So great. Nextcloud has some real benefits. But going it alone means you’re on the hook for the costs and complexity of data hosting, replication, and backups. Is it really worth all the trouble and expense when you can get lots of storage at little or no cost using any one of those other services?

Good news: you can have it both ways. For particularly sensitive data, you can keep the whole thing in-house. But you can also build a Nextcloud server as your front end (to finely control how users interface with your media), but have the data itself automatically and securely saved to cheaper, reliable third party services including Dropbox, Google Drive, and Amazon’s S3. If, down the line, you find you need to migrate your data away from a third-party provider like S3, you can do it without your users ever noticing the change.

Hardware prerequisites

Let’s put something together using Ubuntu.

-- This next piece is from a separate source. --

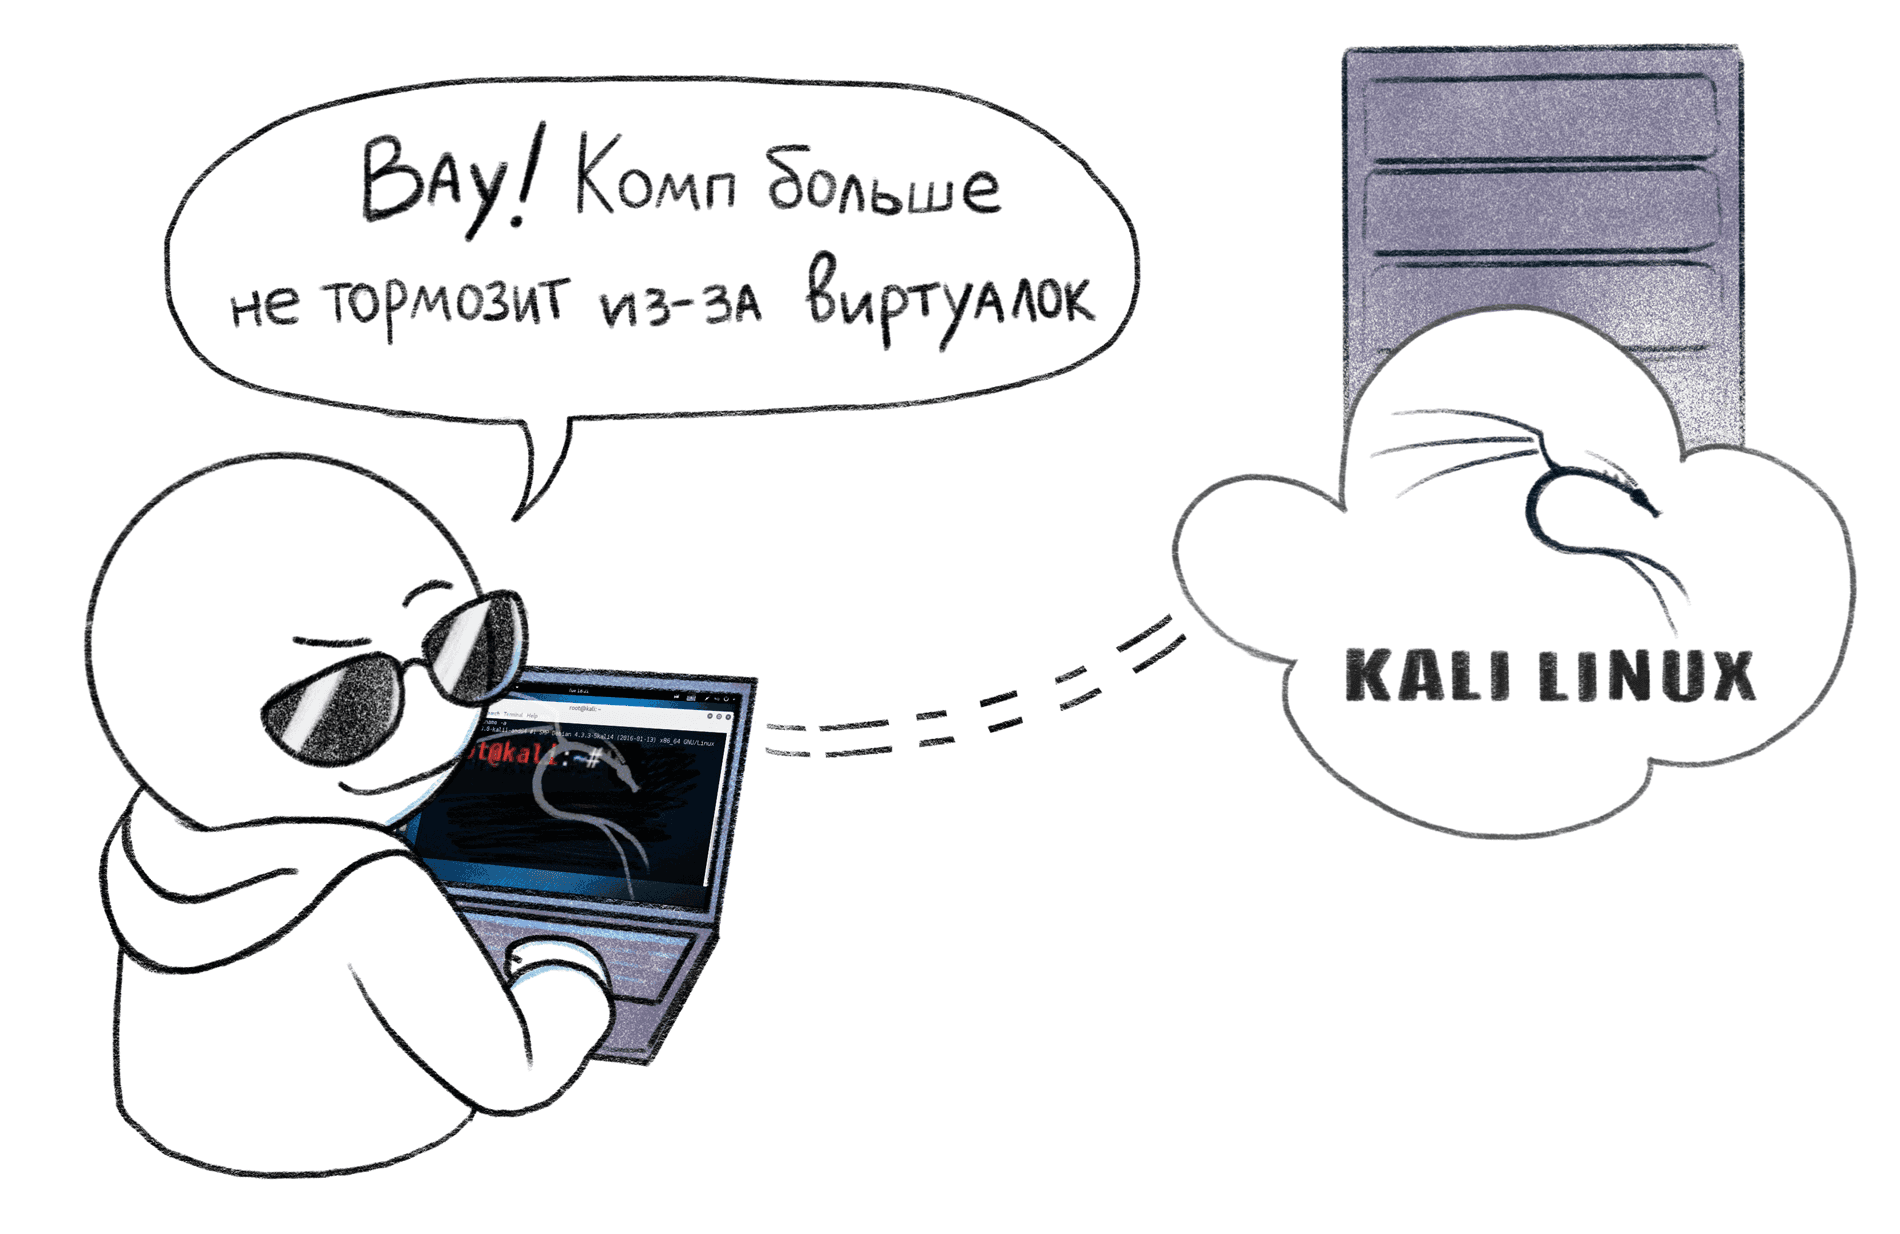 Устанавливаем Kali Linux с графическим интерфейсом на виртуальный сервер - 1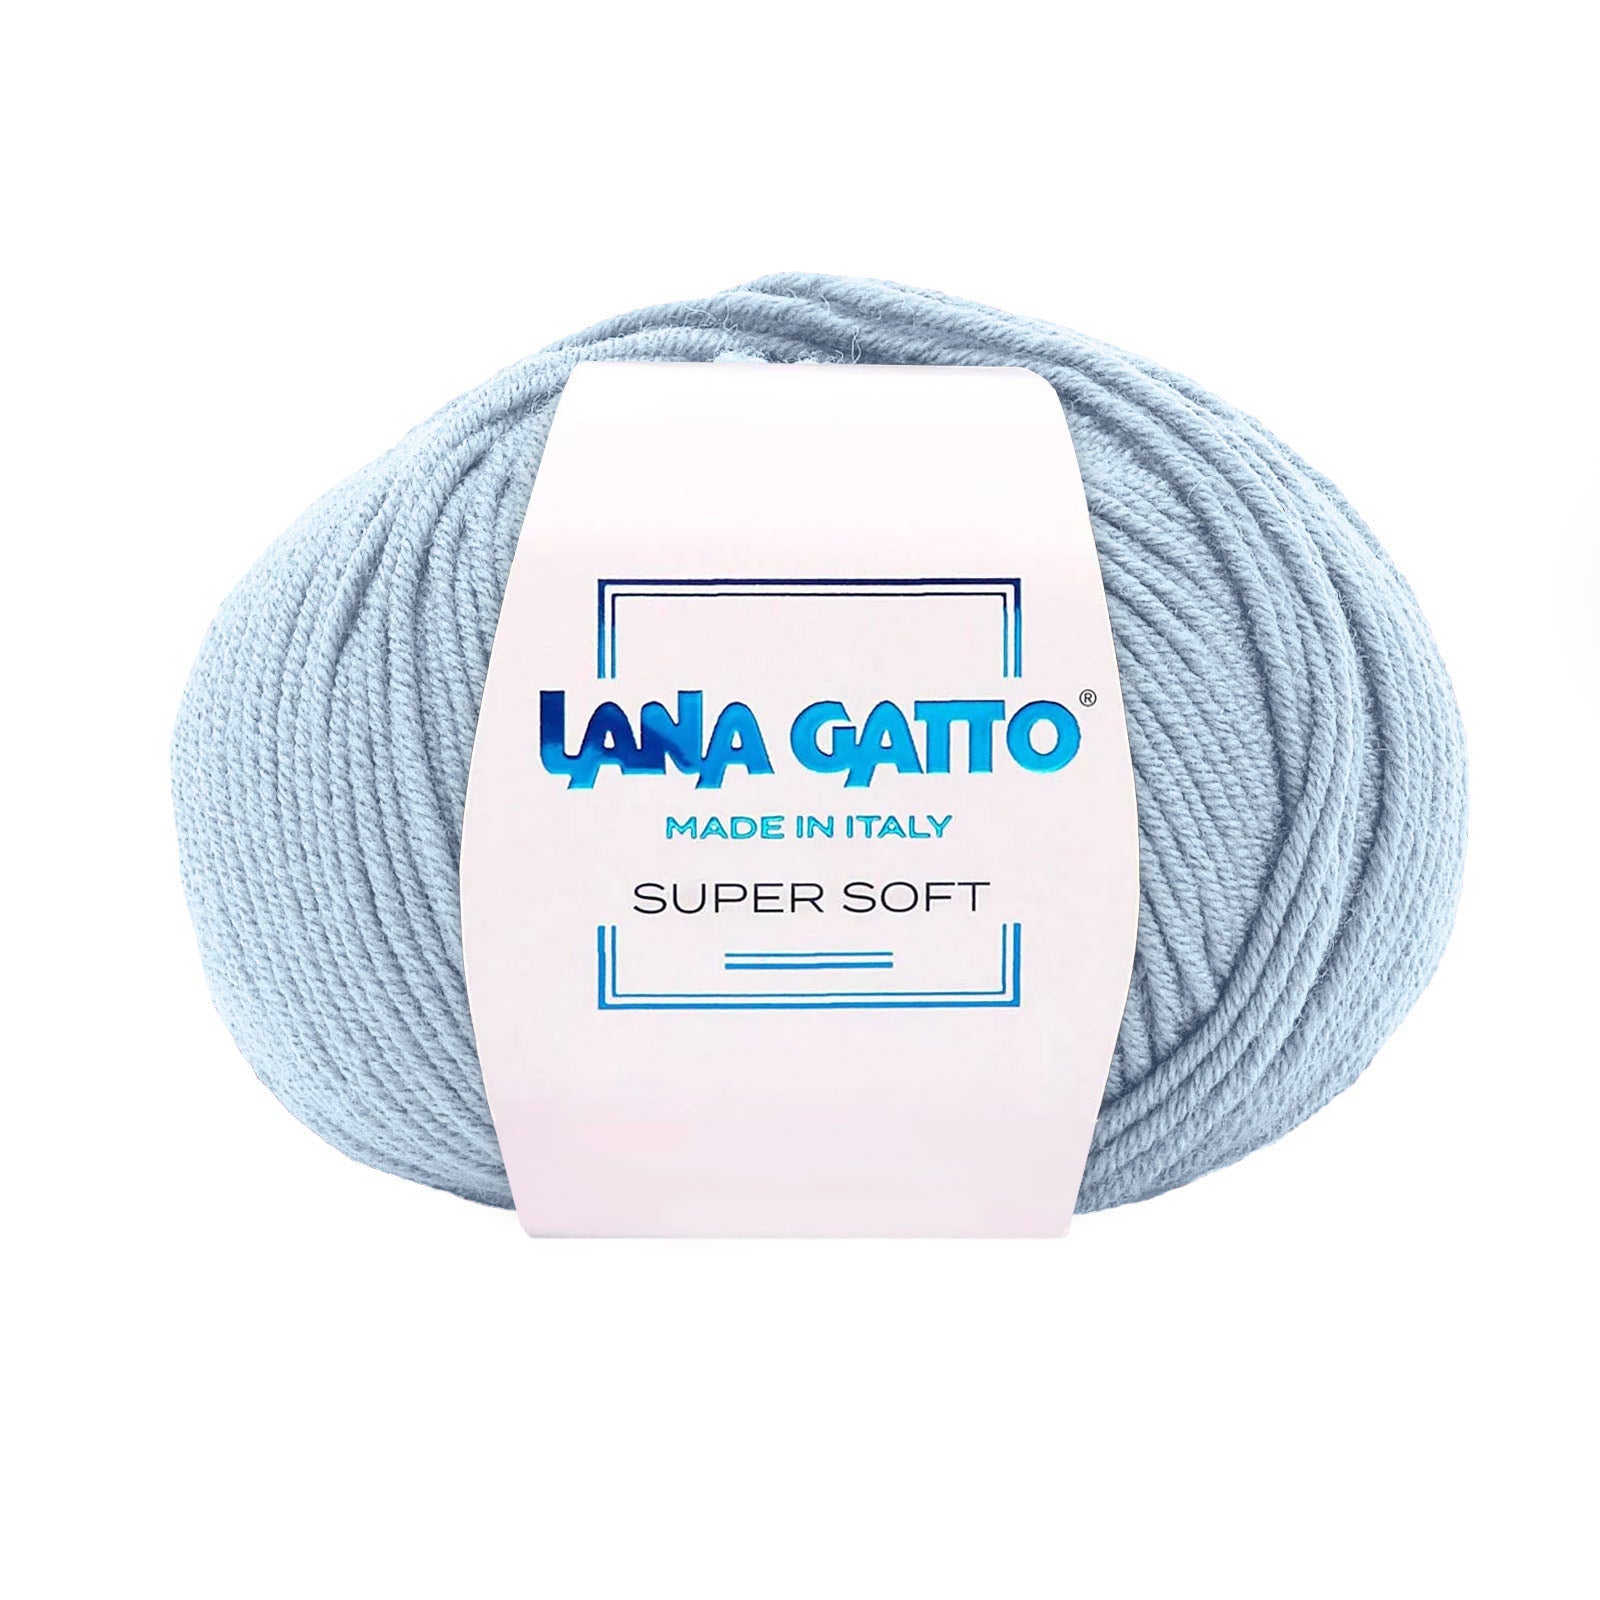 Gomitolo 100% Pura Lana Vergine Merino Extrafine Lana Gatto Linea Super Soft - Tonalità Blu - Azzurro - 14342 - Gomitolo

It’s always a good idea to check out an application’s documentation to make sure that you’ve got enough hardware and software muscle to handle the load. The figure below shows Nextcloud’s System Requirements web page. If you’re planning to host a simple, lightly-used server providing for just a few dozen users, then you’ll find Nextcloud is a fairly easy to get along with, demanding nothing that can’t be handled by an off-the-shelf container.

 

Hardware and software requirements for both recommended and minimal Nextcloud installations

Any old minimal hardware configuration will work just fine for technology testing, but I wouldn’t want to rely on a single LXC container running off an old PC to serve tens of thousands of users and terabytes of data. Planning an enterprise-scale deployment? Nextcloud provides a useful, multi-level Deployment Recommendations guide to provisioning full-strength platforms.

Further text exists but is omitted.